Bear or Bull, this is a bunch of bull. Stop with all these loses.
 
Out-Of-Phase

Out-Of-Phase

Audioholic General
Normally bonds are good safety net. Not this time.
 
j_garcia

j_garcia

Audioholic Jedi
I have lost money in both my retirement accounts since January 2 of this year.

Bear or Bull, this is a bunch of bull. Stop with all these loses.
Don't look at it. Ride it out if you can and it always comes back. You only lose if you need to take it out because that is only on paper (screen) until you make it real.

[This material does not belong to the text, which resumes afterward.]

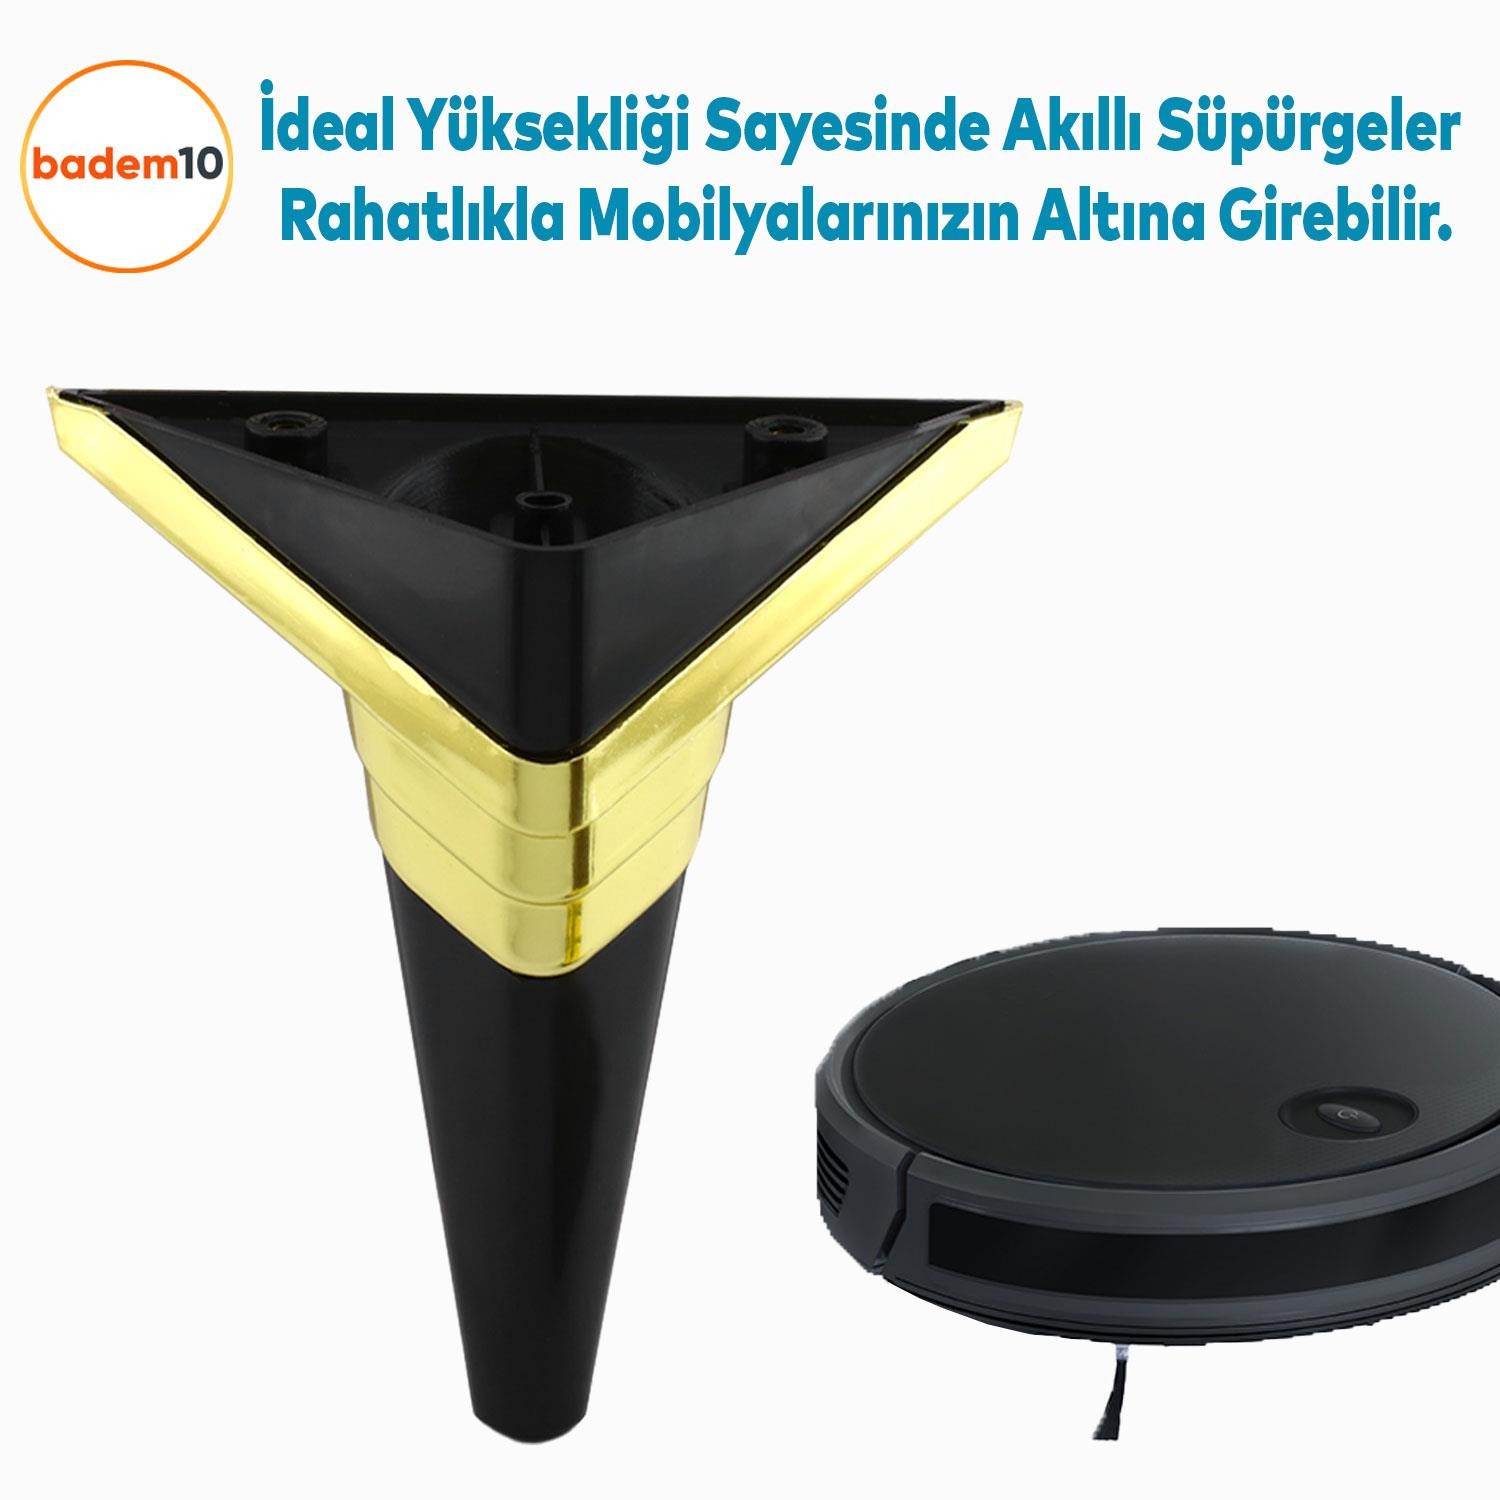 Golden Köşe Lüks Mobilya Kanepe Sehpa TV Ünitesi Koltuk Ayağı Baza Ayakları Siyah Altın 14 cm
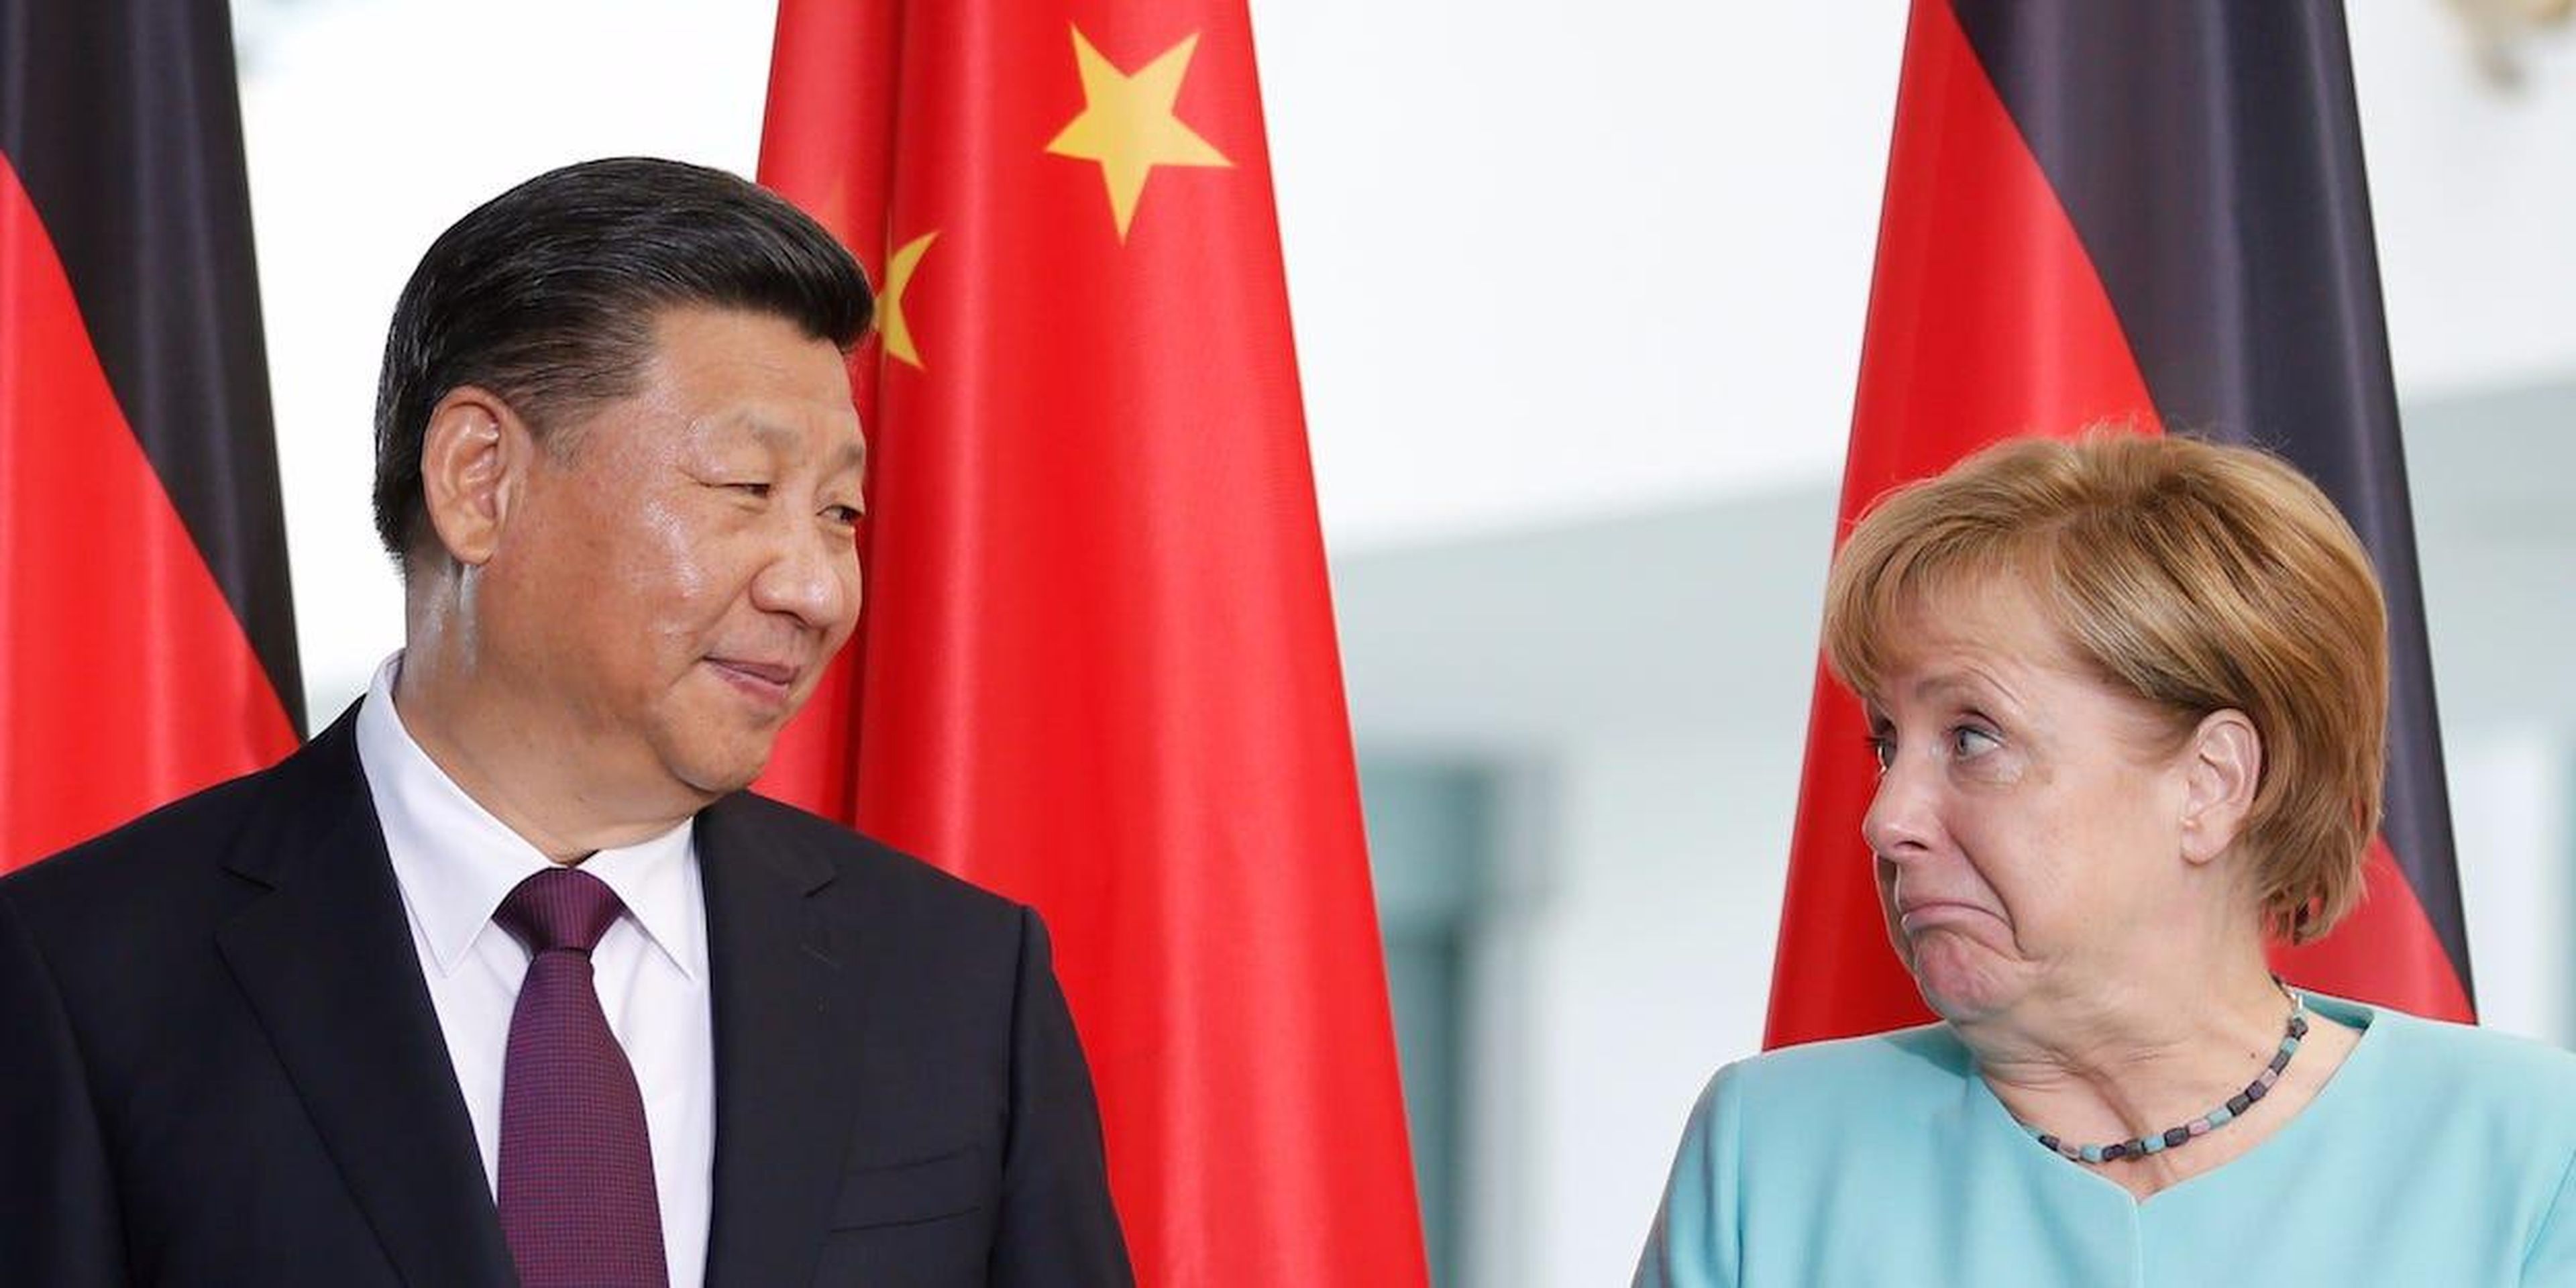 La canciller alemana, Angela Merkel, y el presidente chino, Xi Jinping, asisten a una firma de contrato en la Cancillería de Berlín, Alemania, el 5 de julio de 2017.

to fix the market, need to get rid of all the left wing democrats
Funny how the largest bull markets came under Democrats then. CNBC and a Forbes article said neither is actually better for the market, but the best combo was Democratic President with a split or Republican congress.
 
lovinthehd

lovinthehd

Audioholic Jedi
Then again drumphy had no real plan except hoping covid wouldn't get in the way, which was loony.
 
R

rnatalli

Audioholic Ninja
to fix the market, need to get rid of all the left wing democrats
I have no love for the present democrats, but fail to see what politicians have to do with it; downturns happen regardless of what party is in power. In fact, the last two downturns (2008, 2020) which had deeper drawdowns happened under republican presidents, but I hardly blame them for it as the market could care less and does what it wants.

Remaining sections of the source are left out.